Medial parapatellar approach was used in 27 knees with a preoperative valgus 20 degrees or lesser femorotibial angle. With 20 to 29 degrees valgus, medial parapatellar approach was used in 5 knees and lateral parapatellar approach in 2 knees. With 30 degrees or greater valgus, lateral parapatellar approach was used in 2 knees.
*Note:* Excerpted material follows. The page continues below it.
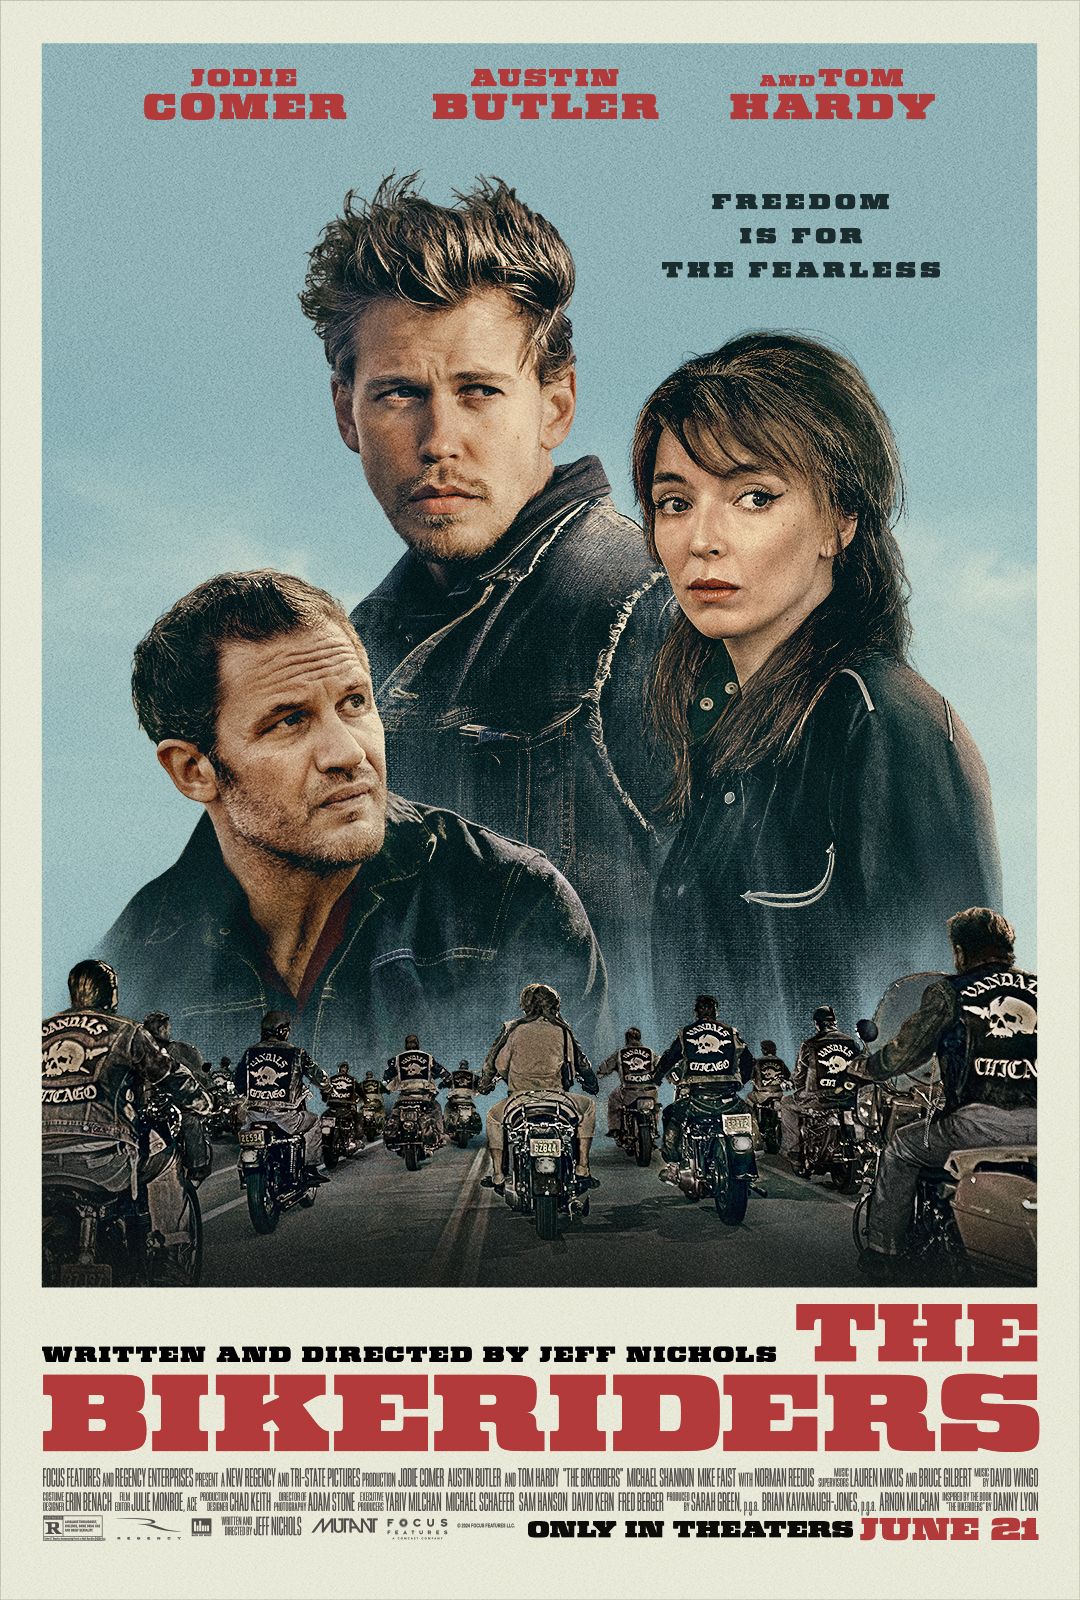 El póster de la película Bike Riders muestra a Jodie Comer, Austin Butler y Tom Hardy con una pandilla de motociclistas.
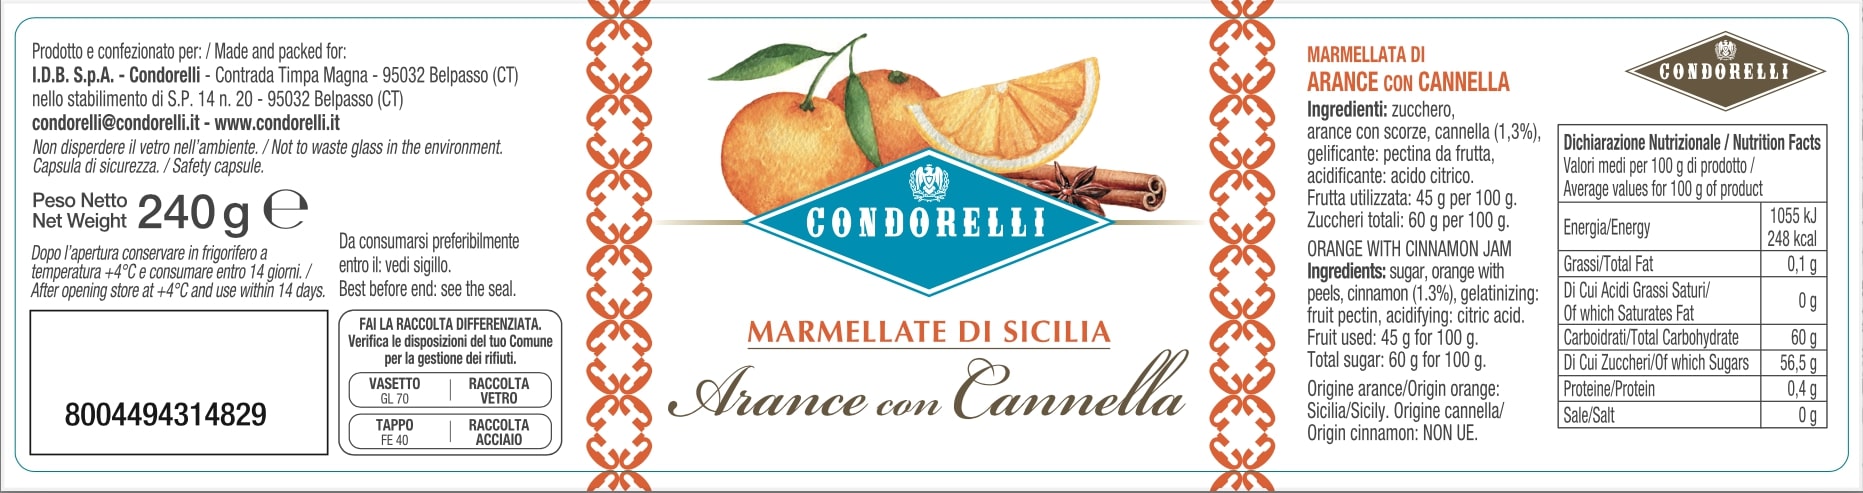 Marmellata di Sicilia - Arance e Cannella

The mean postoperative Hospital for Special Surgery knee scores were 89.5 points. Postoperative range of motion averaged 114.4 degrees. Postoperative alignment averaged 6.5 degree valgus. Radiolucent line or loosening was not seen in any knee. There were two deep infections in patients whose preoperative femorotibial angle was greater than valgus 20 degrees using lateral parapatellar approach.

Clinical and functional results after TKA in the valgus knee were similar to those in varus knee. But, prevention of deep infection in patients with marked valgus angle was important, especially using lateral parapatellar approach. A more constrained prosthesis was frequently used in more significant valgus deformity. In patients with severe valgus deformity needing lateral capsular release frequently, lateral parapatellar capsular approach was more reasonable than medial parapatellar approach to avoid medial and lateral capsular release simultaneously.